The United States has also been involved in similar efforts bilaterally with Turkmenistan. In August 2004, the US Customs Service conducted a Strategic Enforcement Tracker training course for 25 officers of the Turkmenistan State Border Service in Ashgabat. Three Native American “Shadow Wolves” that work to track down illegal smuggling along the US-Mexico border shared their tracking expertise with the local border guards (United States Mission in Turkmenistan, Issue 34 Monthly Newsletter, August 2004).
In October 2009, at the opening of a new border crossing checkpoint at Farap on Turkmenistan’s border with Uzbekistan, US Chargé d’Affaires Sylvia Curran emphasized that “this Border Crossing Checkpoint is the third checkpoint [that] the United States Government has provided to Turkmenistan.” The first border checkpoint, “Altyn Asyr,” was opened in 2006 on the Iranian border and the second, “Imamnazar,” was opened in 2007 on the country’s border with Afghanistan—all were funded by the US (US Embassy–Ashgabat, PAS No 260, October 15, 2009).
US aid to Turkmenistan has been ongoing, if modest. In June 2013, the State Department reported, “The United States is providing technical assistance, including training, to increase the English language capacity of the Turkmen military.
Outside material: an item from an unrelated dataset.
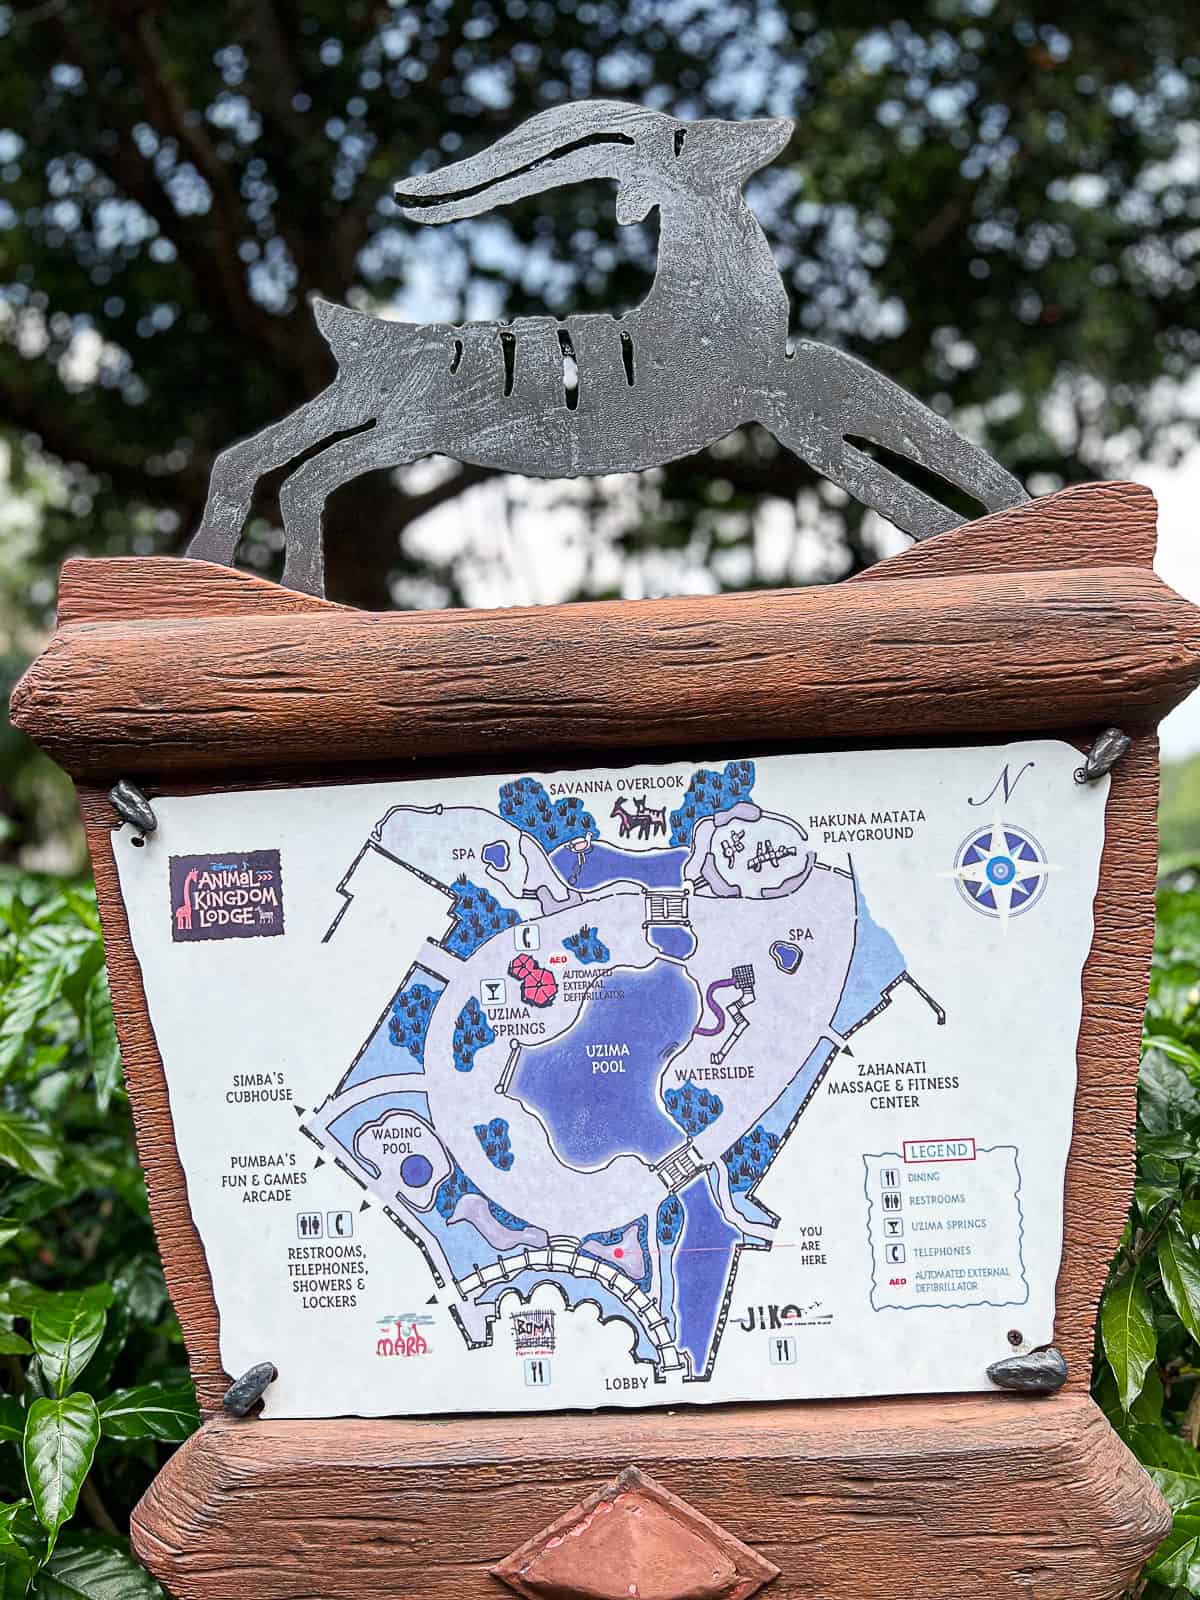 Map With Uzima Pool at Animal Kingdom Jambo House in Walt Disney World

The United States government is also working with Turkmenistan’s counter-narcotics units and border patrol officers to improve their interdiction and border patrol skills, as well as countering transnational crimes, such as human trafficking and money laundering” (http://www.state.gov/documents/organization/213199.pdf).
Like others in the region, Turkmenistan is waiting to see what Afghanistan will look like after the US and the International Security Assistance Force (ISAF) drawdown is largely completed in December 2014. The West pledges to continue to be regionally engaged as the troop drawdown proceeds. And the second annual EU–Central Asia High Level Security Dialogue will be held in Dushanbe this summer, focusing on Afghanistan in the post-transition period (http://www.iss.europa.eu/publications/detail/article/horizon-2014-central-asia/). Still, should the massive flow of Afghan narcotics passing through Turkmenistan on its way to Russia and the European Union increase following the Western forces’ exit, this may strain Ashgabat’s relations with the West.
For the near future, the capacity of Turkmenistan’s security and military forces will remain relatively poor. Furthermore, as the country’s neutrality policy has left it outside of regional security groupings like the Shanghai Cooperation Organization (SCO) and Collective Security Treaty Organization (CSTO), Turkmenistan’s potential political and security problems remain outside formal assistance from these organizations or its members, leaving Ashgabat to face internal or external threats alone. In such a case, Turkmenistan might find that its explicit neutrality and lack of defense agreements with other countries is a diplomatic liability rather than an asset.